Jack is quiet, and Daniel snaps his head back up to make sure he’s still awake; what he sees, instead, is Jack just looking at him, head tilted very slightly to the side. He’s not really sure what Jack is looking for, but he can’t look away, either. After a few seconds Jack half-smiles again. “Not so fun from over there, is it.”
There’d barely been any warning before the ground had just … opened up, in front of them, taking Jack down with it. He’d just disappeared. Daniel remembers worrying, absurdly, before he’d managed to get himself moving and look down to see how Jack was, that a hole had opened up through to the center of the planet, and they’d never get him back.
It hadn’t been that bad. Obviously. No holes opening up through to the planet’s molten core. Just a hole, fifteen or eighteen feet deep. Some rope and a reinforcement or two and Jack had been aboveground again, clearly worse for the wear but nowhere near dead.
“I guess I see why you all give me grief about winding up in here so often,” Daniel says, instead of anything else he’s thinking. I thought you were dead: irrational. I was so scared: obvious, since he’d been there when Jack had woken up, and anyway an awful cliche. Don’t do that: irrational, again; dangers are inherent to the job they do. Also an awful cliche.
I think my heart stopped for a second when you fell: hyperbolic, and ridiculous, and, again, irrational. The inherent danger, after all; the knowledge that every time they step through the gate they go somewhere wholly alien. Into the unknown, MALP notwithstanding.
Also a little more of his soul than he feels like baring, at this point in time.
Hopefully none of that is showing on his face. If it is, Jack doesn’t let on; he just squeezes his hand, again, and starts to plan what he’s going to do once he makes it out of here. He never takes his hand back, either.
“Hey, move over, will ya,” Daniel hears over the tide, and opens his eyes to see Jack standing over him, looking expectant. For a second or two he considers refusing, making Jack get his own damn blanket; he checks his watch reflexively, reassures himself that he’s got almost an hour before he has to head back to the palace, and decides the urge was just garden-variety knee-jerk irritation. Then he moves over, just far enough off-center Jack has room to settle next to him.
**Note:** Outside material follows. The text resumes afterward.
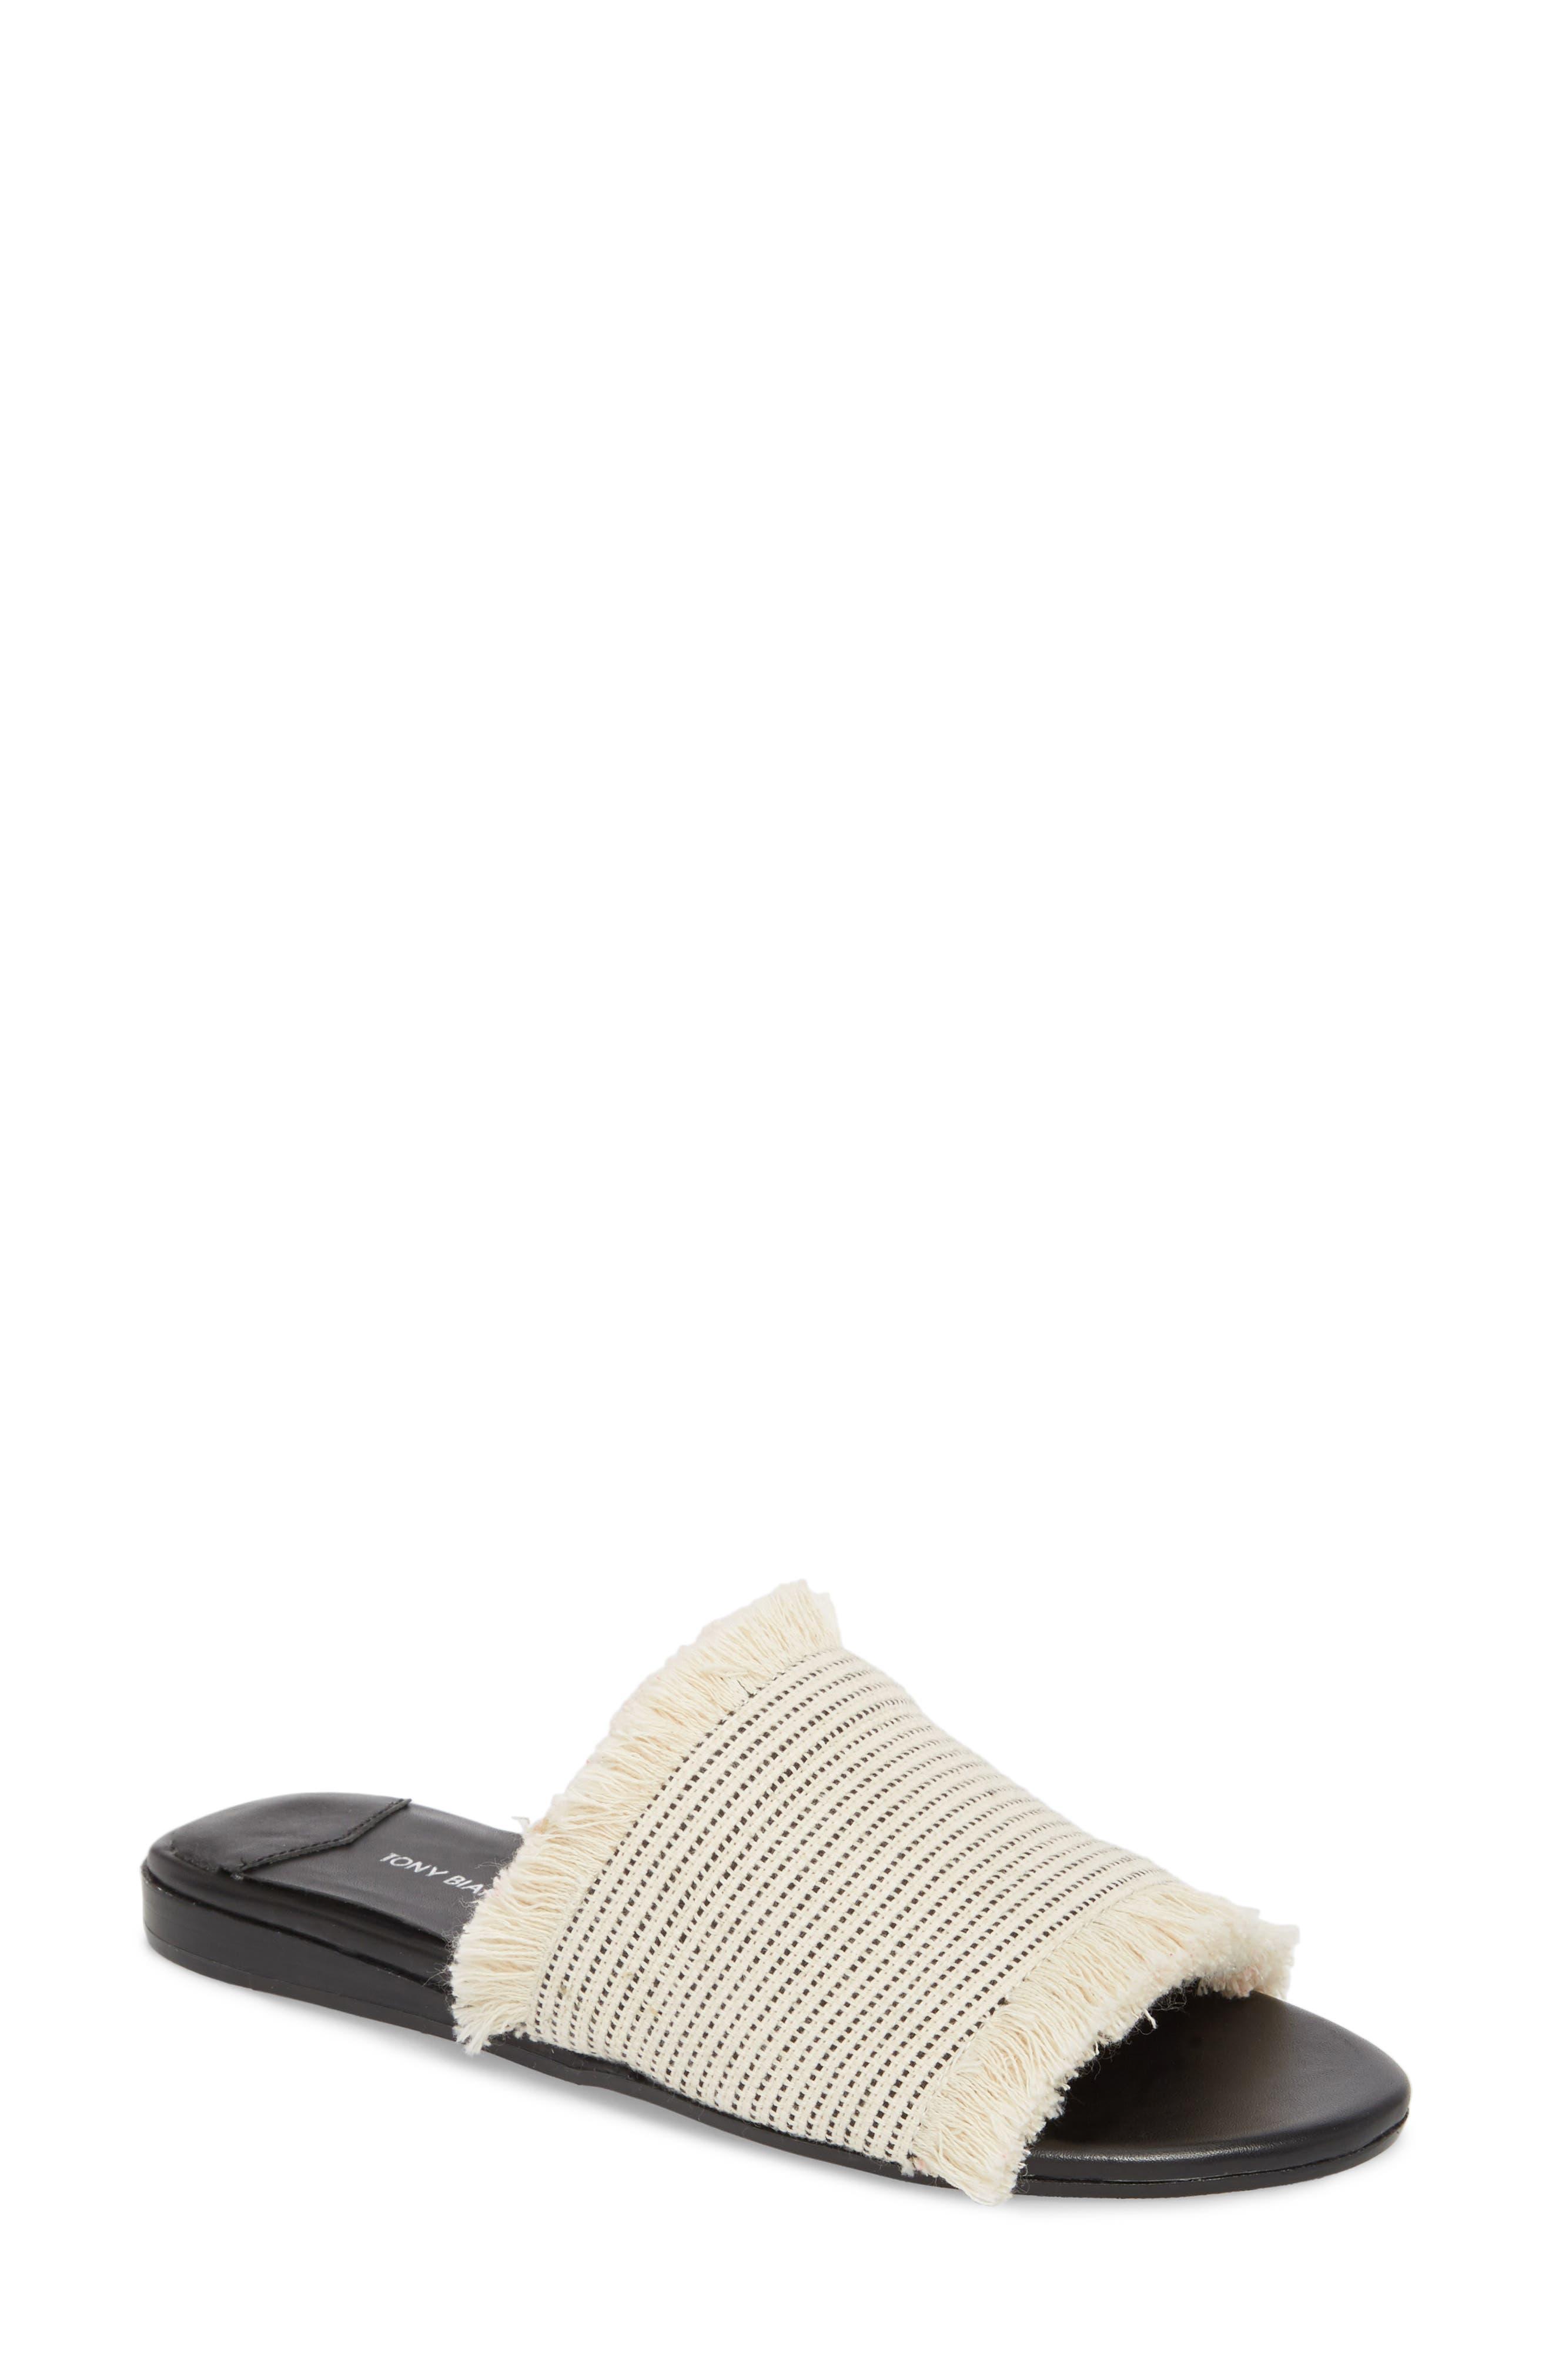 Tony Bianco Jayd Slide Sandal- White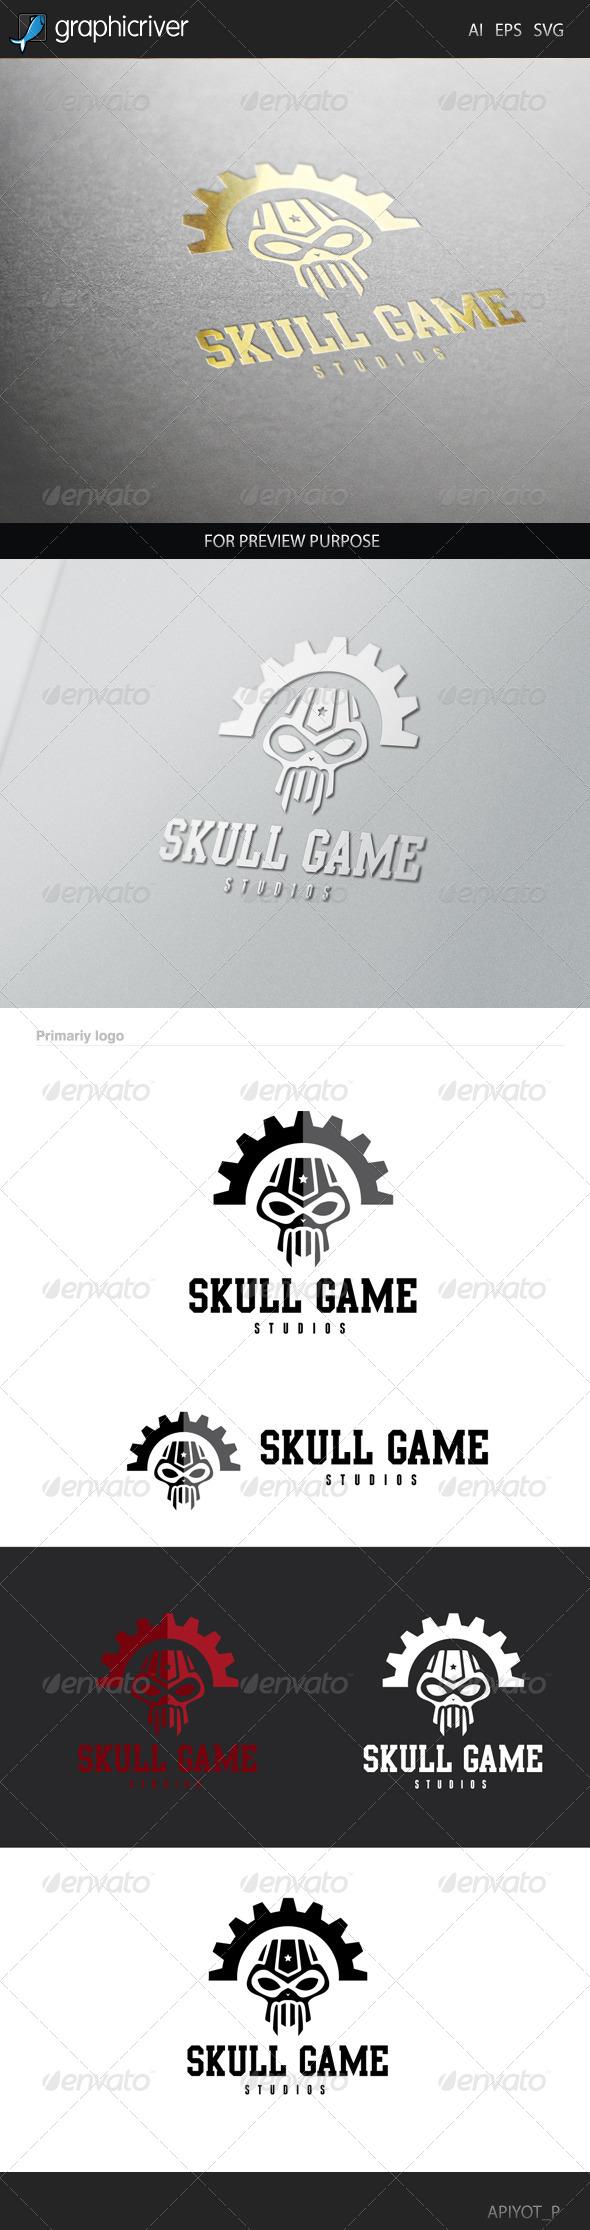 GraphicRiver Skull Game Logo 8505926

It’s not really a two-person blanket.
He keeps his eyes open long enough to confirm that Jack won’t make him move again, then closes them, rearranges his arms beneath his head, listens to the tide coming in and out, listens to Jack breathing softly beside him.
“Little cool out here for a nap,” Jack says, eventually.
“Fresh air’s nice,” he responds, and keeps his eyes closed because he’s absolutely sure Jack is turning his head to stare down at him. He can even hear the clothes rustling slightly. Instead of saying anything else he shrugs — as well as he can in his position, anyway — and a few seconds later he hears Jack snort under his breath and turn back to the water.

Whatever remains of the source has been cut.